The real problems usually start when reporters ask him about Vice-President Sarah Palin. This seems to trigger something bad inside the President, who instantly grows red and begins to twitch. It is no secret that since his brief brush with pneumonia in January (the inauguration was so cold), there have been not one but two competing courts inside the White House and there is no love lost.

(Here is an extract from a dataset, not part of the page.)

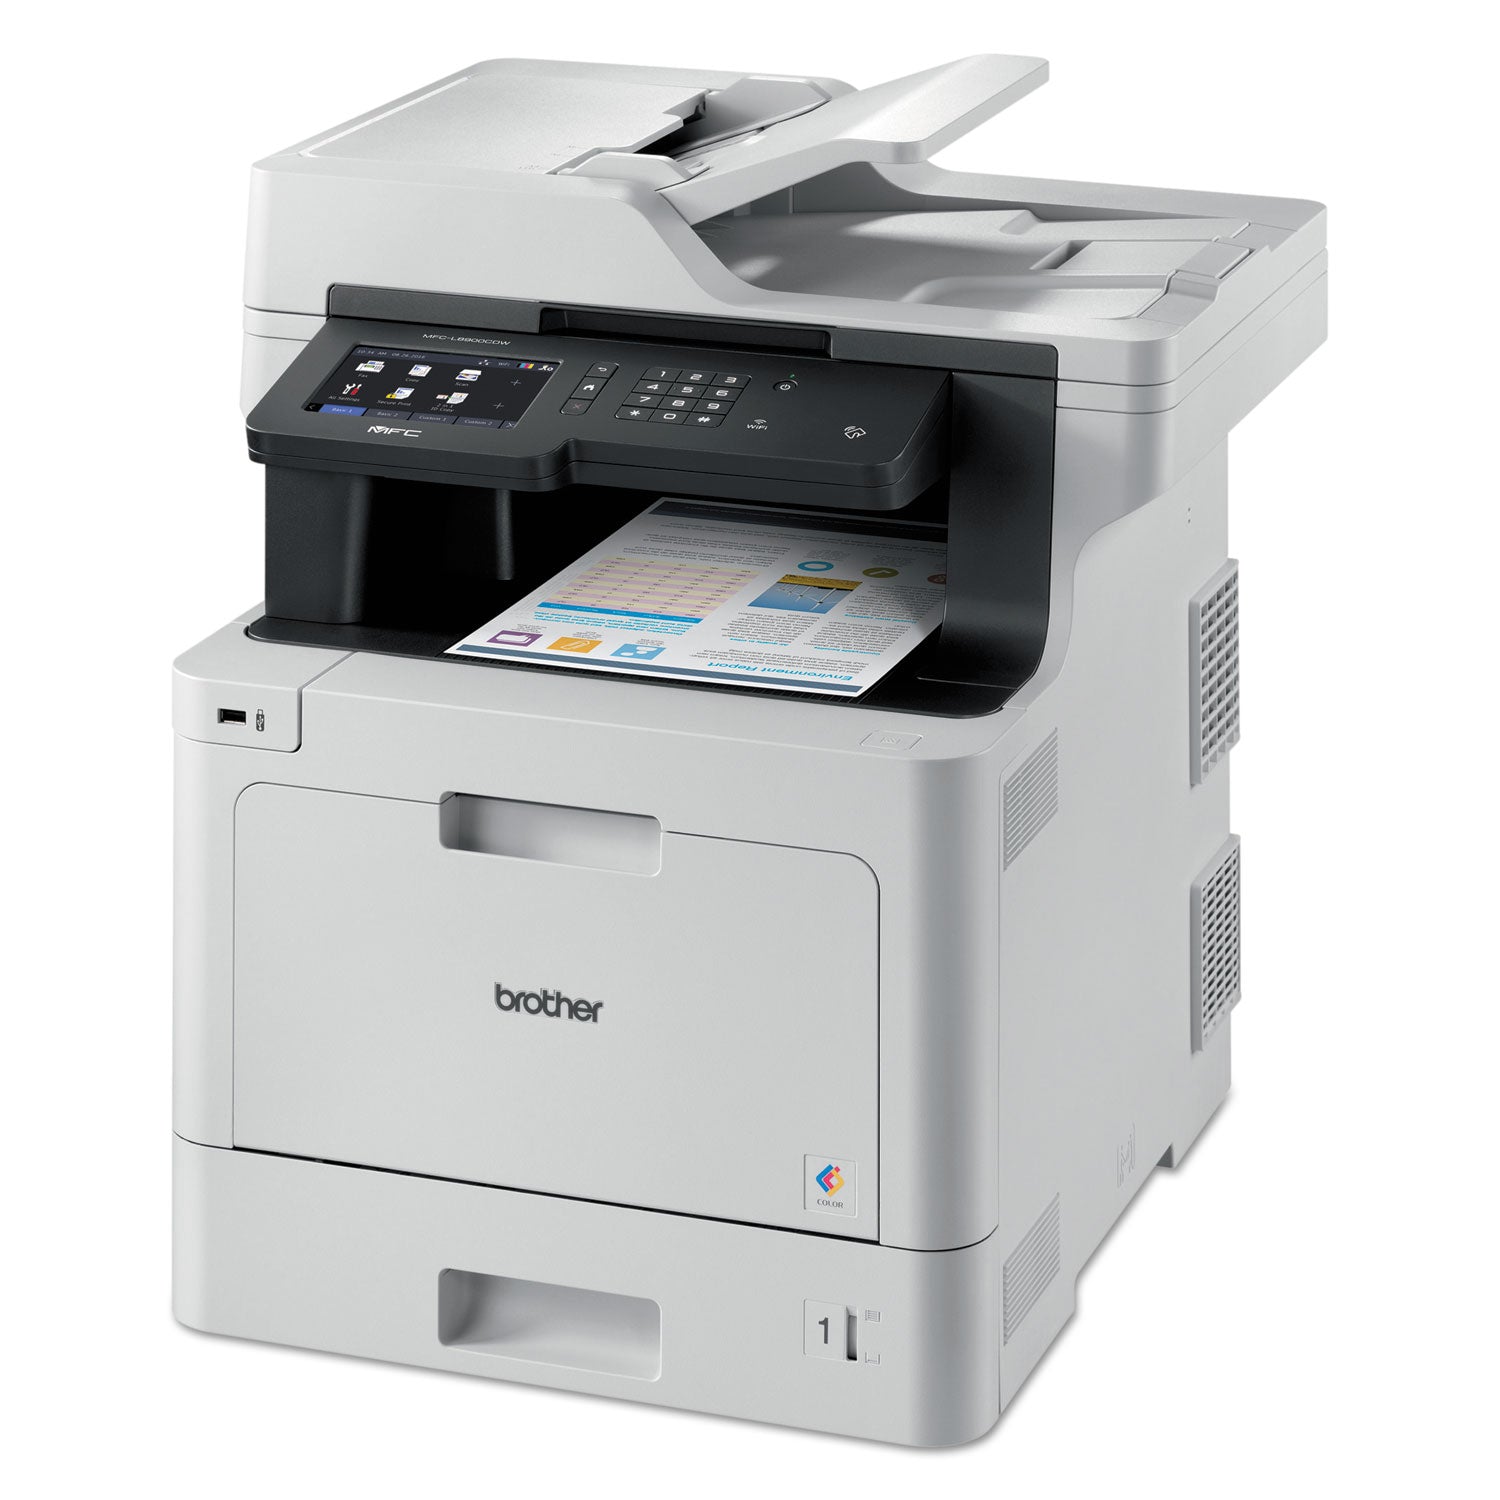 mfcl8900cdw-business-color-laser-all-in-one-printer-with-duplex-print-scan-copy-and-wireless-networking_brtmfcl8900cdw - 2

It has been this friction that has persuaded President McCain largely to turn his back on conservatives. Their loyalty is with Mrs Palin. He has instead steered a moderate course, at least in social policy matters. In this way, he has been the maverick, independent John McCain that many voters felt drawn to last year. He has condemned torture and even invited gay parents and their children to his wife Cindy's birthday banquet on the South Lawn next month. But worst of all have been his continuing admissions that the economic crisis is mostly beyond him intellectually. He advocates a mostly supply-side solution to the problem, with massive tax cuts for corporations and tax relief for consumers, but stumbles when asked to describe precisely how his Treasury Secretary, Meg Whitman, is trying to prop up the big banks with her Toxic Relief Inside Financial Legacy Entities (TRIFLE) programme.
Moreover, even as his 100th day approaches, gridlock persists on Capitol Hill over his stimulus plan, which contains far too little in terms of actual government spending for the Democrat majority to accept. Even many Republicans, certainly those in the conservative wing, remain reluctant to support the package. His public statements of uncertainty, combined with the lack of progress in implementing the package, have been blamed for the stock market's relentless and continuing plunge. Even this week, the Dow Jones industrial average was dipping below 6,000 points.
With so many problems at home, it is hardly a surprise that President McCain has run so hard on foreign policy with his startling deployment of an additional 45,000 troops to Afghanistan and his call on Nato to begin operations in several western provinces of Pakistan before the autumn. His television stunt on Easter Sunday, outside what was apparently once an al-Qa'ida cave somewhere on the Afghanistan-Pakistan border, to declare "Mission Begun" was generally well received in cities across America – if not in Islamabad.